突如、会話と止めて、自らの方を見つめる俺を、それまでと変わらない、感情を表す事のない透明な表情で見つめ返す長門有希。瞬く事の少ない瞳と、その印象をより鋭い物としている銀のフレームに青白い人工の光が反射して、より季節と時間帯に相応しい冷たい光を作り出している。
但し……。
矢張り、邪悪な雰囲気を発してはいない。

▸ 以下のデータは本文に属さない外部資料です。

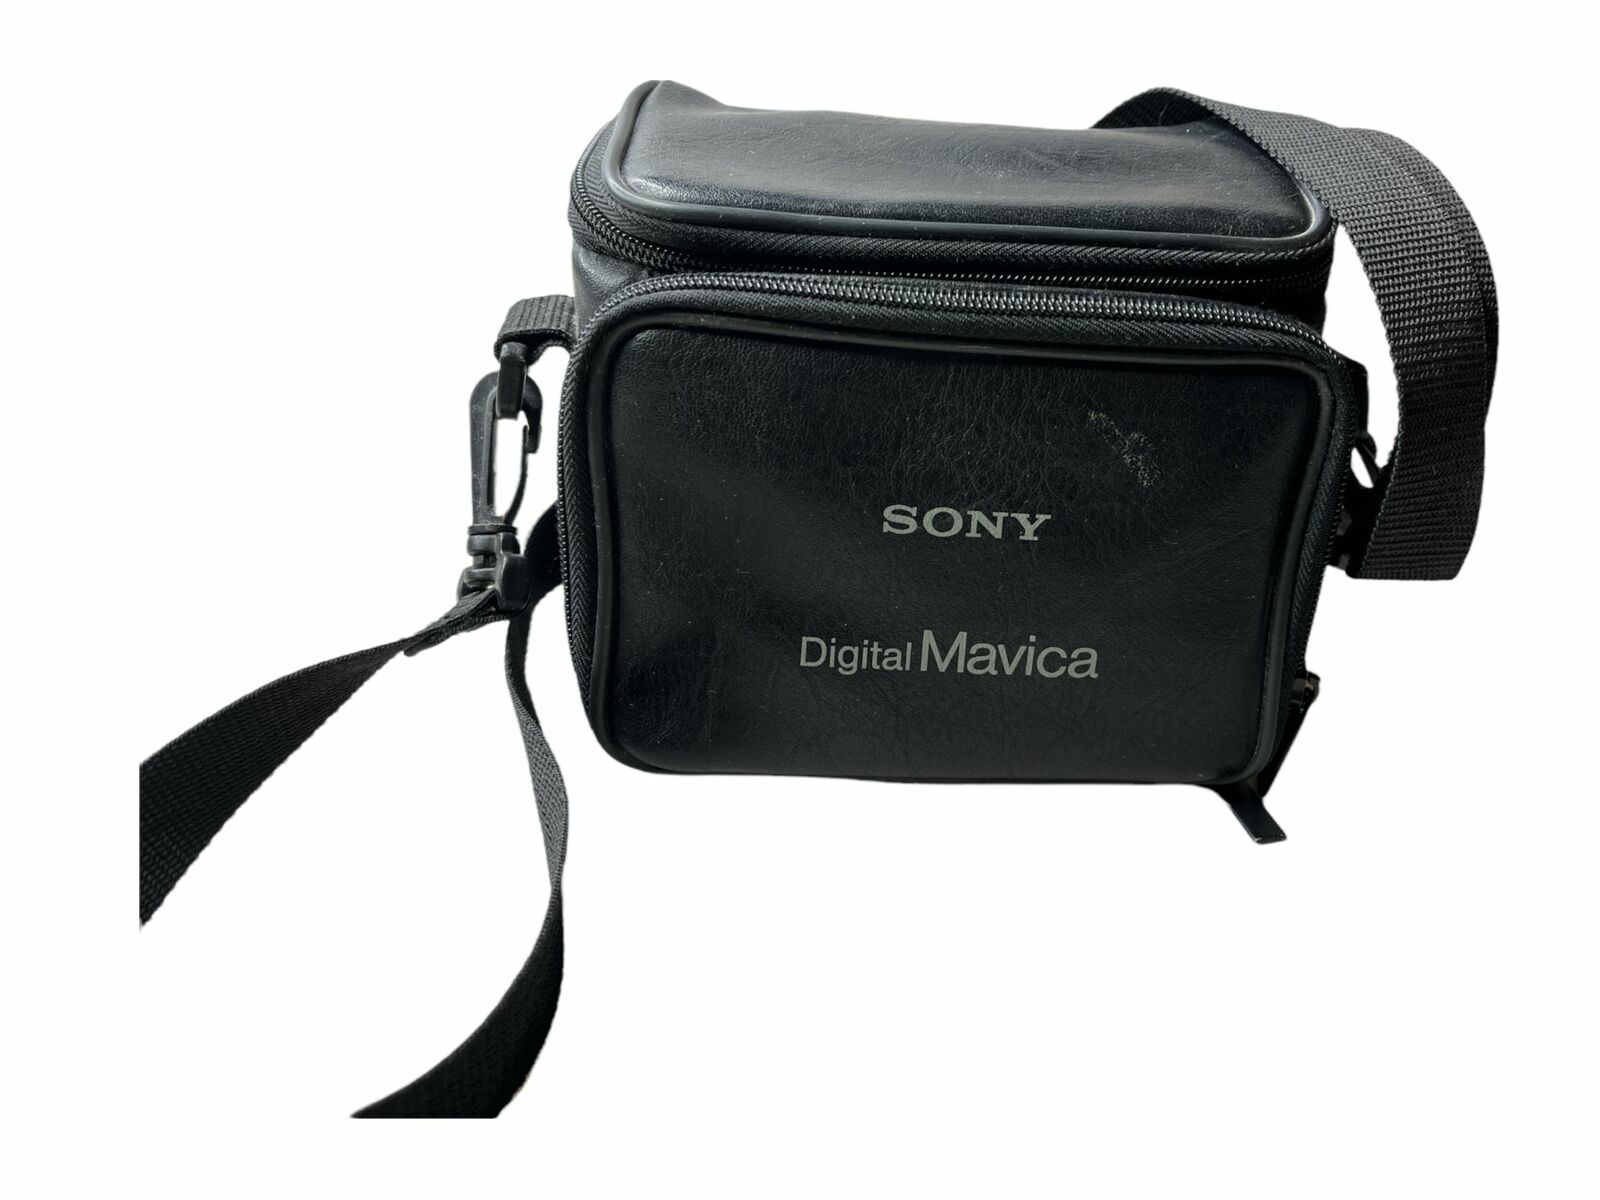 Wijzer hoofdkussen Zeep Sony FD Mavica Interpolated 1.6 Megapixel Images Digital Camera With Bag  and Bat | eBay

それに、この彼女が発している強い寂寥感と言う物も、故郷から見知らぬ土地に流されて来た存在が発する物だと考えると、そう不思議な物だとも思えませんか。
それならば……。
「……ひとつ聞いても良いかいな?」
彼女の、その麗貌と表現しても良い容貌を少し見つめた後に覚悟を決めて、そう話し掛ける俺。
俺の問いに、少し間を置いて首肯く長門有希と名乗った少女型の何者か。
いや、心が存在していて、陰にも陽にも傾き過ぎていない存在ならば、生物学的には人間と言う訳には行きませんが、少女で有る事は間違いではないですか。

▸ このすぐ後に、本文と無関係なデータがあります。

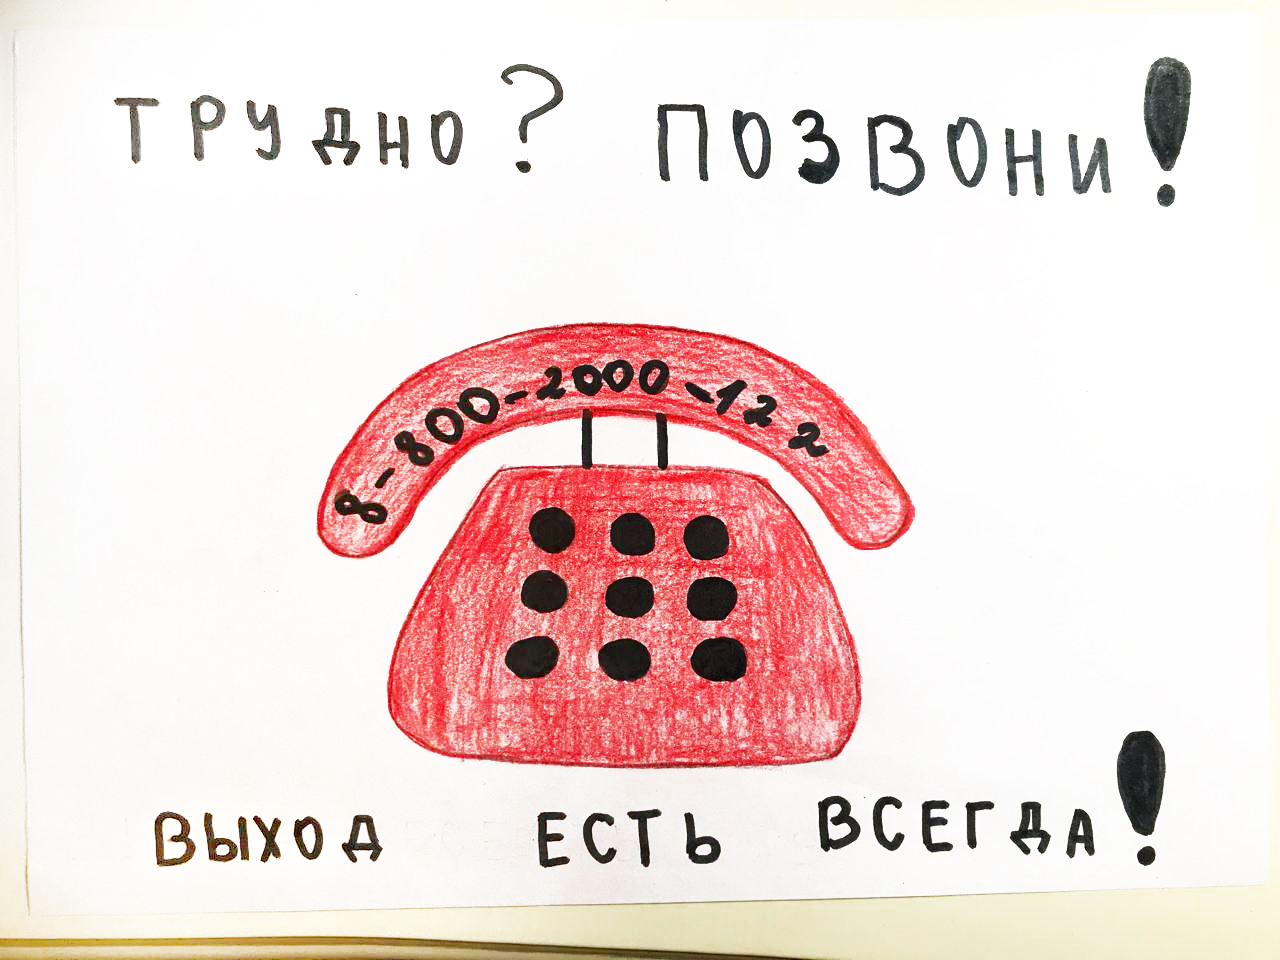 Рисунок на тему телефон доверия для детей

「このままでは、近い未来に長門さんはこの世界から消える事になる。それで間違いないな」
俺の問い掛けにそれまで通り、まったく感情を表現する事のない透明な表情で相対する長門有希。
しかし、心の部分は違った。彼女の心の部分には、大きな驚きが支配している事が判る。
うむ。間違いない。多少、無機質な部分は存在しています。しかし、推測に過ぎないのですが、彼女に心は存在しているとは思います。

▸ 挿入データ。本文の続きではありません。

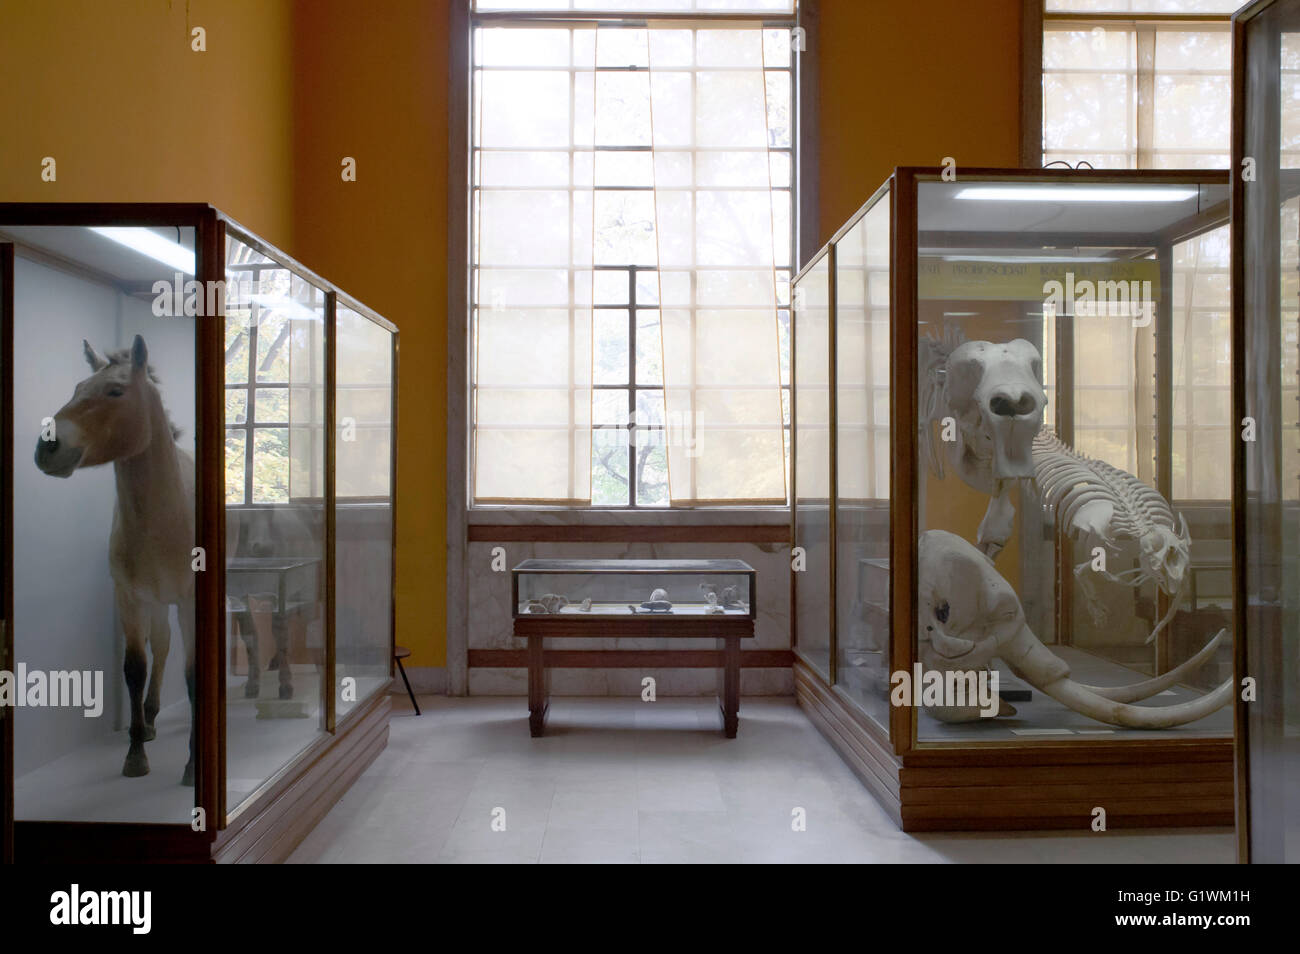 Museo de Historia Natural, animales de peluche en vitrinas: burro y huesos de animales Foto de stock

今までで俺が出会った事が有る存在の中から似たような存在を探すと成ると、意識が発生してから間がない頃の付喪神の類が一番近いですか。
但し、もし彼女が付喪神の一種なら、完全に人化の能力を得ている様子から推測すると、元々、かなり人間に近い姿形を持った存在だったと思いますが。
例えば、人を模して造られた人形の類が、時を経て魂を持つに至った存在だとか。
「俺には、長門さんを、元々、貴女が住んで居た世界に送還させる方法が有る」
かなり落ち着いた口調で彼女に対してそう告げる俺。彼女が信用してくれるかどうかは疑問ですが、少なくとも、俺の言葉に欺瞞は有りません。
その方法はふたつ。
ひとつ目は、双方の合意の元に行われる送還魔法。
この方法ならば、彼女の故郷を俺自身が探ったり、強くイメージしたりする必要がなく、彼女自身が強くイメージする事で彼女の故郷へと帰還する事が可能と成ります。
当然、その故郷に待つ家族が存在するならば、更に術の成功率は上がります。
これは、彼女自身が持つ、家族との絆や、彼女が暮らして来た世界との間に繋がった因果の糸を辿って次元孔を開く方法。